The closing market priceShares of our common stock has recently declined significantly. On April 29 and May 17, 2016, we were notified by the NYSE that our common stock was not in compliance with NYSE listing standards. If we are unable to cure the market capitalization deficiency, our common stock could be delisted from the NYSE or trading could be suspended.
Our common stock is currently listed on the NYSE. In order for our common stock to continue to be listed on the NYSE, we are required to comply with various listing standards, including the maintenance of a minimum average closing price of at least $1.00 per share during a consecutive 30 trading-day period. In addition to the minimum average closing price criteria, we are considered to be below compliance if our average market capitalization over a consecutive 30 day-trading period is less than $50 million and, at the same time, our stockholders’ equity is less than $50 million.
On April 29, 2016, we were notified by the NYSE that the average closing price of our shares of common stock had fallen below $1.00 per share over a period of 30 consecutive trading days. On May 17, 2016, we were notified by the NYSE that our average global market capitalization had been less than $50 million over a consecutive 30 trading-day period at the same time that our stockholders' equity was less than $50 million.

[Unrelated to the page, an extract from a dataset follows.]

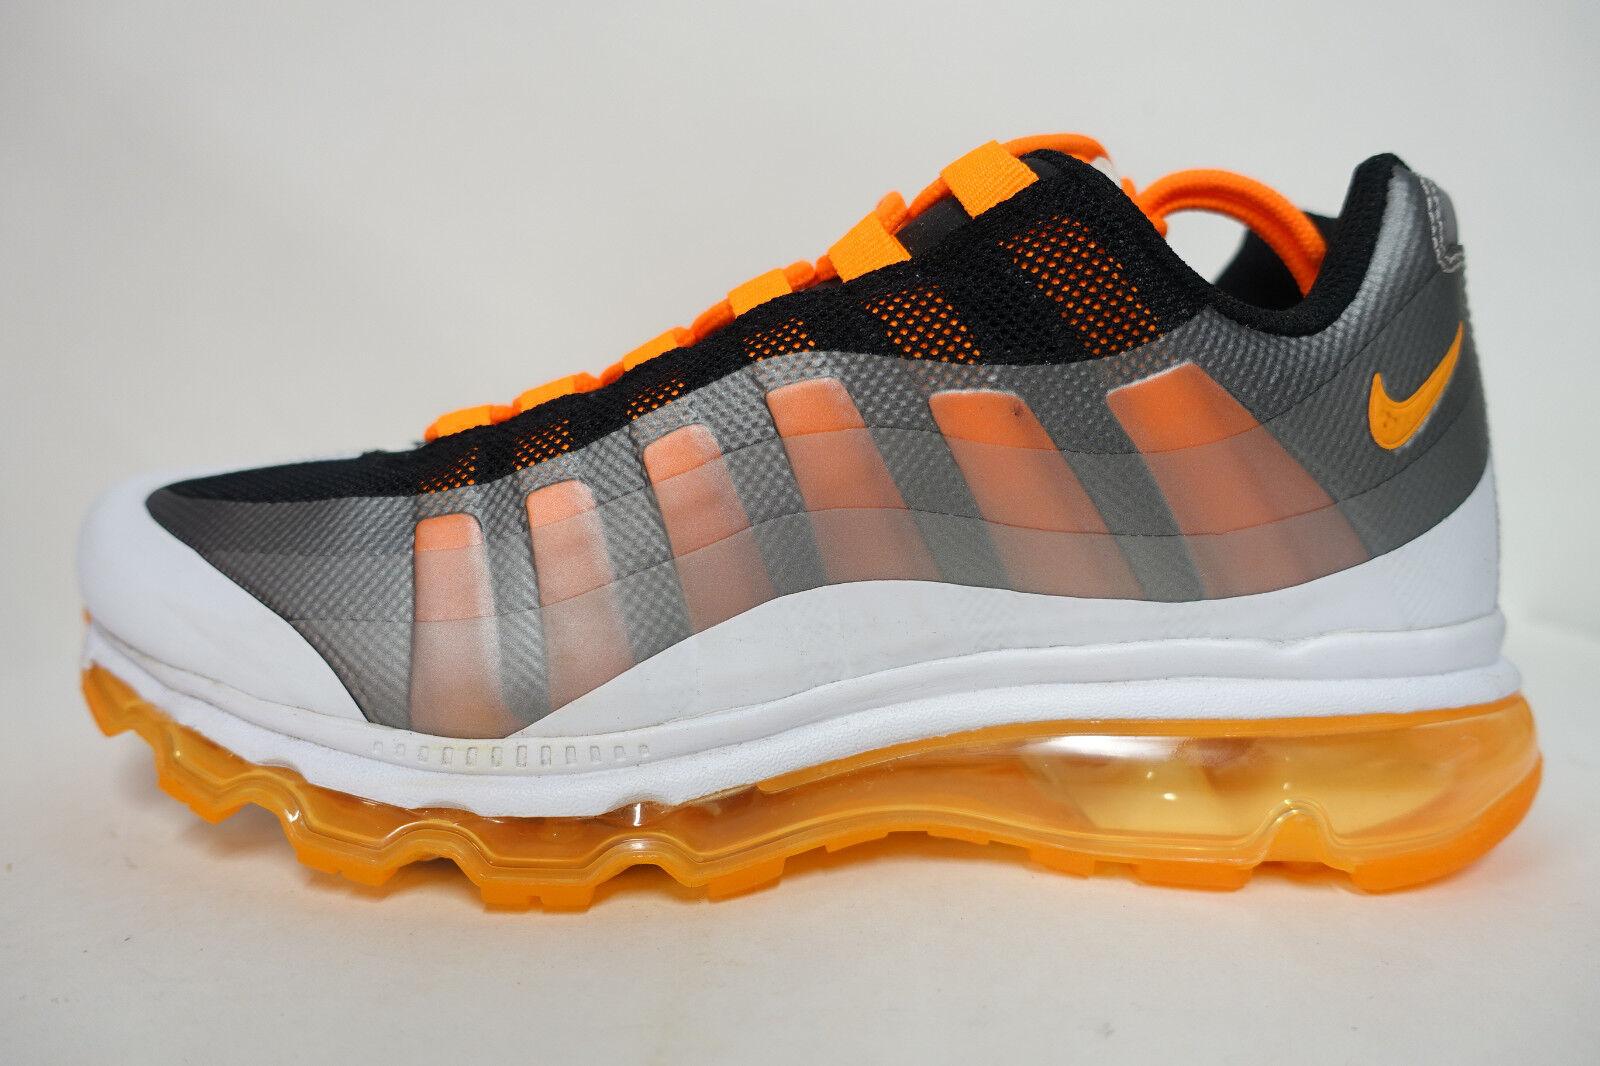 HOMME Nike Air Max 95 + Bb Chaussures Pointure 8 Blanc Noir Orange Argent 511307

On June 10, 2016, we completed a 1-for-10 reverse stock split with respect to our common stock in order to increase the per share trading price of our common stock in order to regain compliance with the NYSE’s minimum share price requirement. We were notified on July 1, 2016 that we cured the minimum share price deficiency and that we were no longer considered non-compliant with the $1.00 per share average closing price requirement. We remain non-compliant with the $50 million average market capitalization and stockholders’ equity requirements.
On June 30, 2016, we submitted our 18-month business plan for curing the average market capitalization and stockholders’ equity deficiencies to the NYSE. After our submission of the business plan, the NYSE had 45 calendar days to review the plan to determine whether we have made reasonable demonstration of our ability to come into conformity with the relevant standards within the 18-month period. The NYSE accepted the plan on August 4, 2016 and will continue to review the Company on a quarterly basis for compliance with the plan. Upon acceptance of the plan by the NYSE, and after two consecutive quarters of sustained market capitalization above $50 million, we would no longer be non-compliant with the market capitalization and stockholders' equity requirements. During the 18-month cure period, our shares of common stock will continue to be listed and traded on the NYSE, unless we experience other circumstances that subject us to delisting. If we fail to meet the material aspects of the plan or any of the quarterly milestones, the NYSE will review the circumstances causing the variance, and determine whether such variance warrants commencement of suspension and delisting procedures. Upon a delisting from the NYSE, we would commence trading on the OTC Pink. On September 20, 2016, we submitted our quarterly update to the business plan for the second of quarter 2016 and the NYSE notified us that it accepted the quarterly update on September 22, 2016.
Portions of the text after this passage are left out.